Densho Digital Archive
Densho Visual History Collection
Title: Toru Sakahara - Kiyo Sakahara Interview II
Narrator: Toru Sakahara, Kiyo Sakahara
Interviewer: Dee Goto
Location: Seattle, Washington
Date: February 27, 1998
Densho ID: denshovh-storu_g-02-0035

<Begin Segment 35>

DG: One of the things that you know, maybe we'll go onto this, but JACL is pretty much, you know, credited for redress. But, I've heard that some of the Isseis were a little bit turned off by the JACL, because they said that JACL told them to go into camp willingly and then, you know, took the credit for protesting when the, I don't know Japanese Community Services, or Japanese chamber... seems like they had a lot to do with how, helping people, I don't know, I didn't. Do you know anything about that?

KS: You mean after they came back from camp?

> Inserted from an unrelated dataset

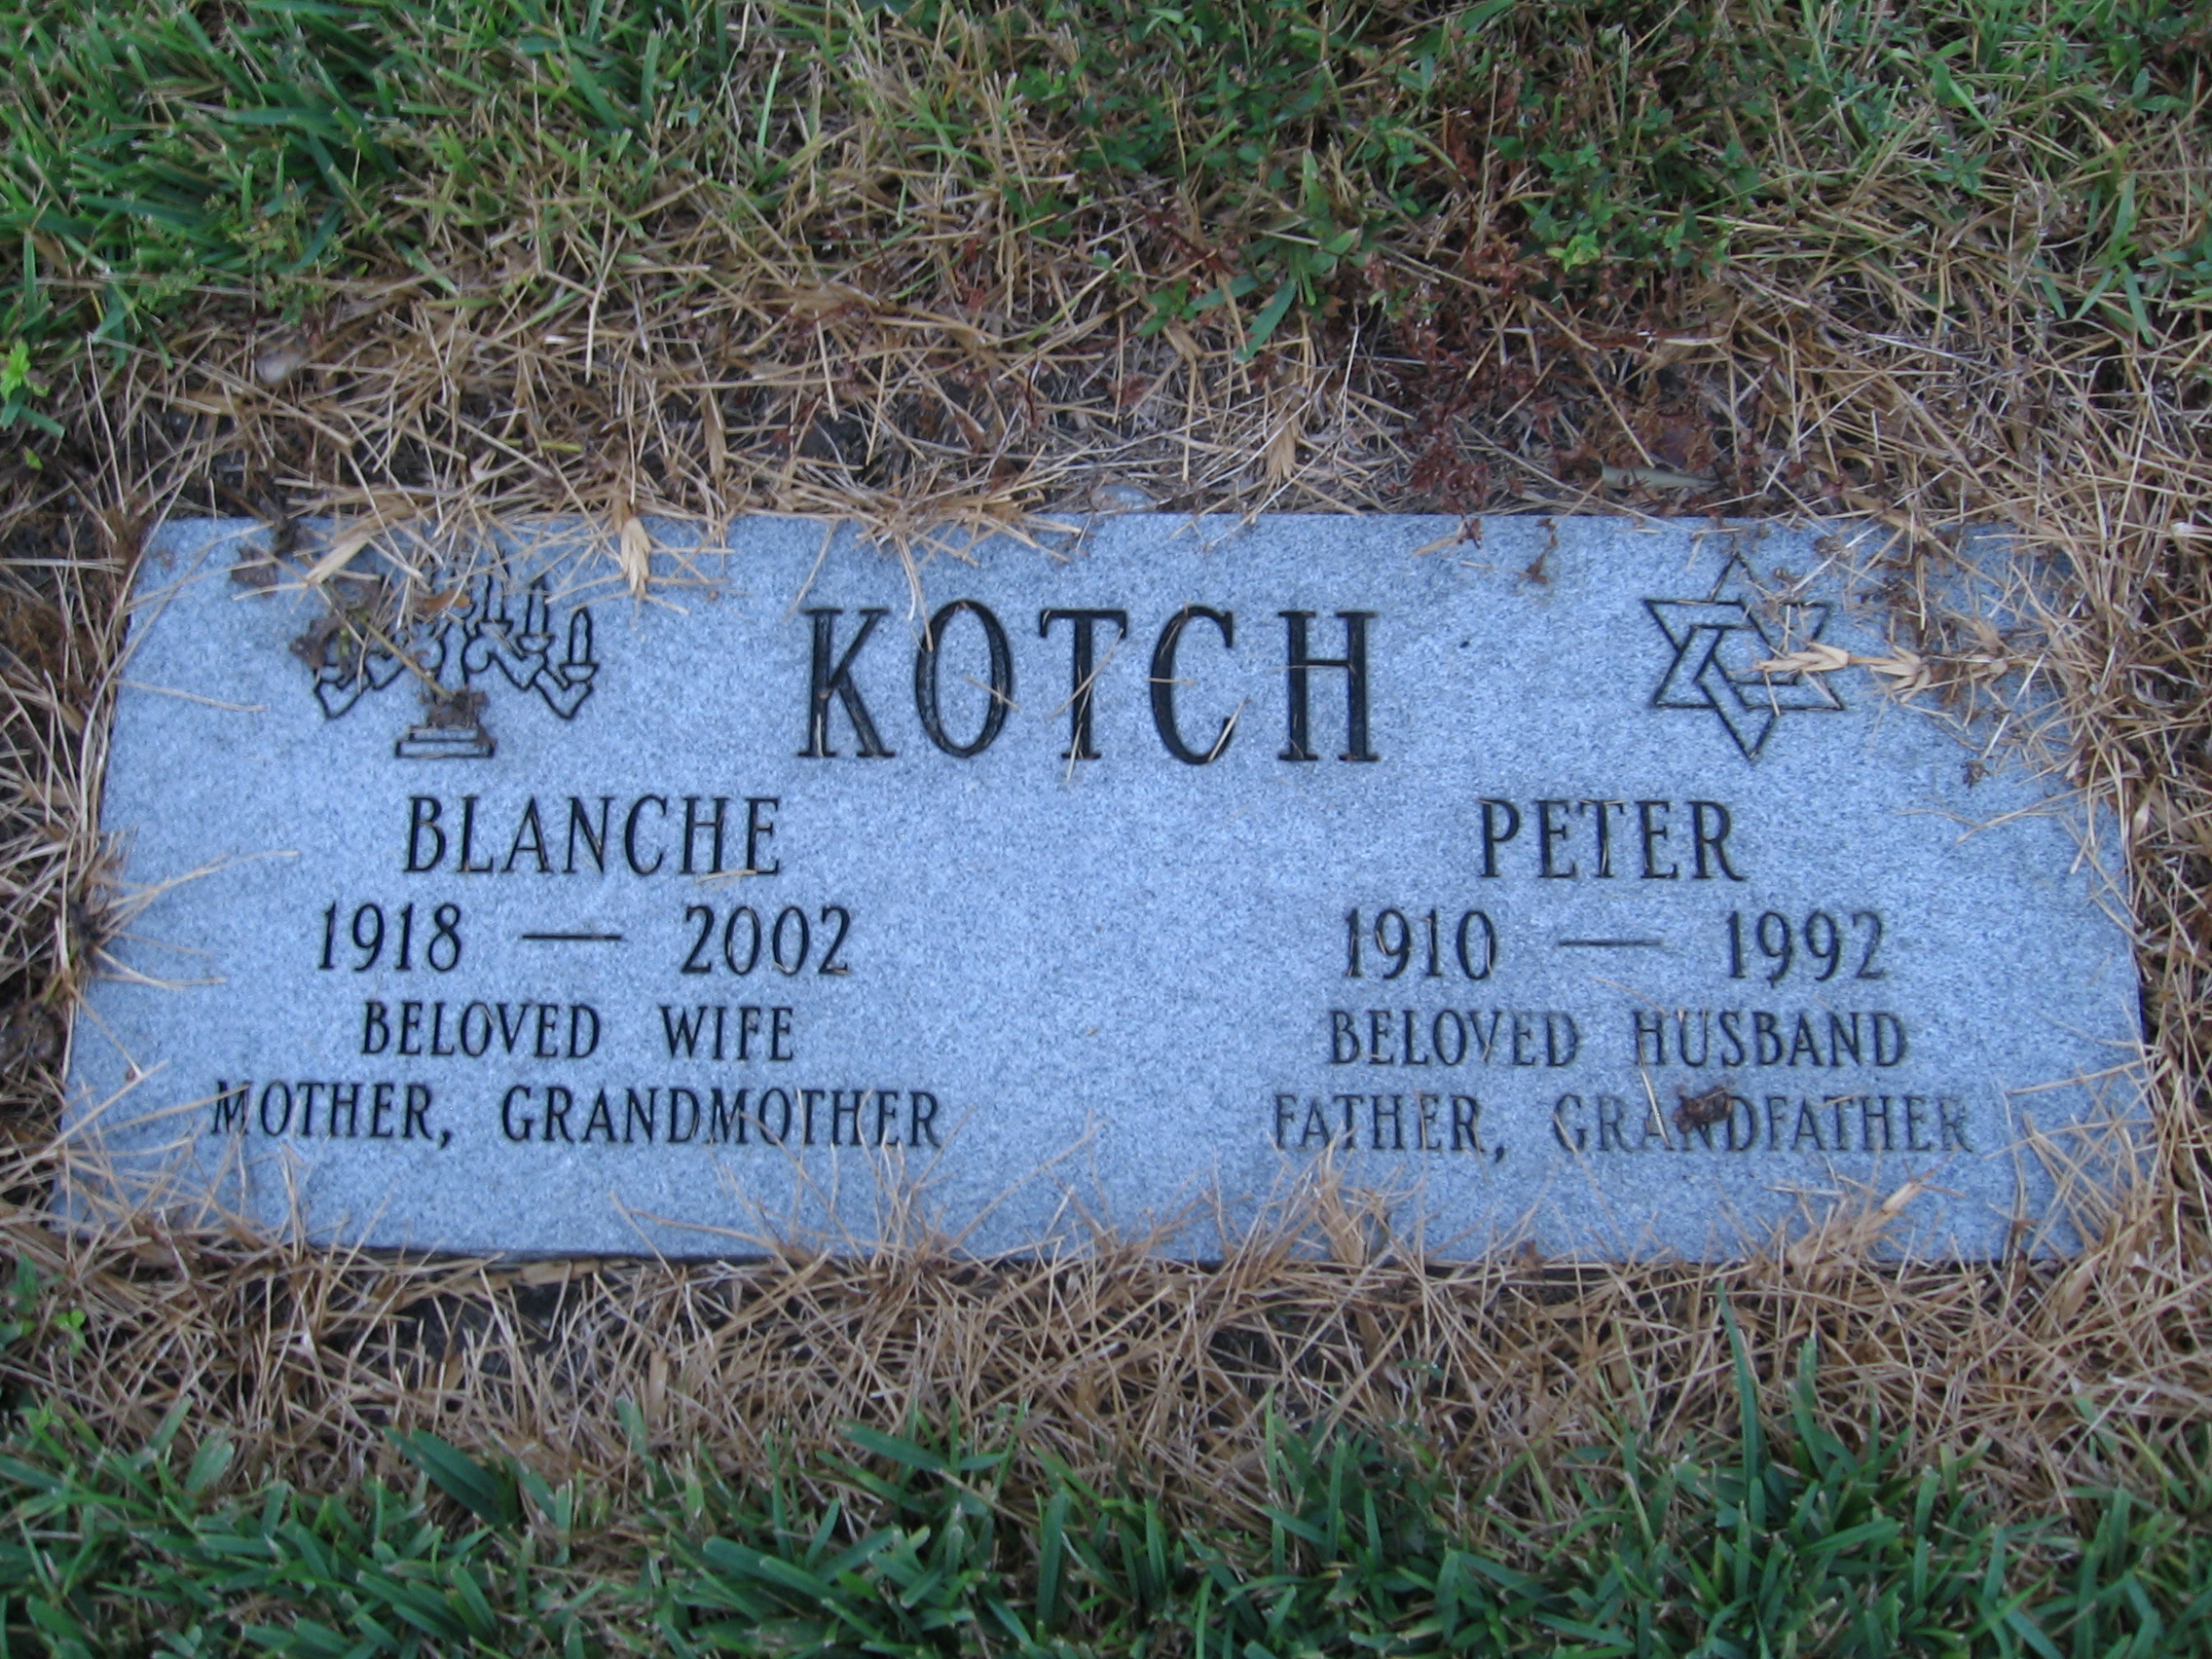 Peter Kotch

DG: Well there was a little bit of controversy of who gets the credit for getting, you know, the rights restored too.

KS: You mean redress?

DG: That and other things.

KS: Well, I think that redress was spearheaded by a group of young fellows right here in Seattle. They went to national conventions.

DG: Right.

KS: And insisted that it had to be number one on the national JACL program. And at that time national was not quite the force for such a, for such a concerted move. And that could be part of the reason that some of the older people had those feelings. That...

DG: Well we're going to get to it later, you know, that you were serving on the Japanese Community Service Board.

KS: Yeah.

DG: I want to know, you know, the feelings that they had when JACL brought these up. Maybe we can get to that. Let's...

TS: Well let me comment on this apparent feeling of betrayal by the Japanese community by JACL by urging cooperation with the civil and military authorities for evacuation and exclusion. Well, those, some of those of us who went to the emergency committee meeting in early 1942 were for demanding military emergency control rather than exclusion. We're for fighting it on that basis, but ultimately it ended up, well, if we're going to be evacuated, we might as well try to do it in a orderly fashion and protect our people and that's the reason as far as I could see that the decision was made on the national level. And I think that was kind of misunderstood as a betrayal of the rights of the general community by the leadership of JACL. Naturally people, when decisions are made, various interpretations could be put upon actions as taken, and no matter how much you explain, there always remains that question, remaining. And I don't know what could be done about it, but perhaps some understanding could be achieved.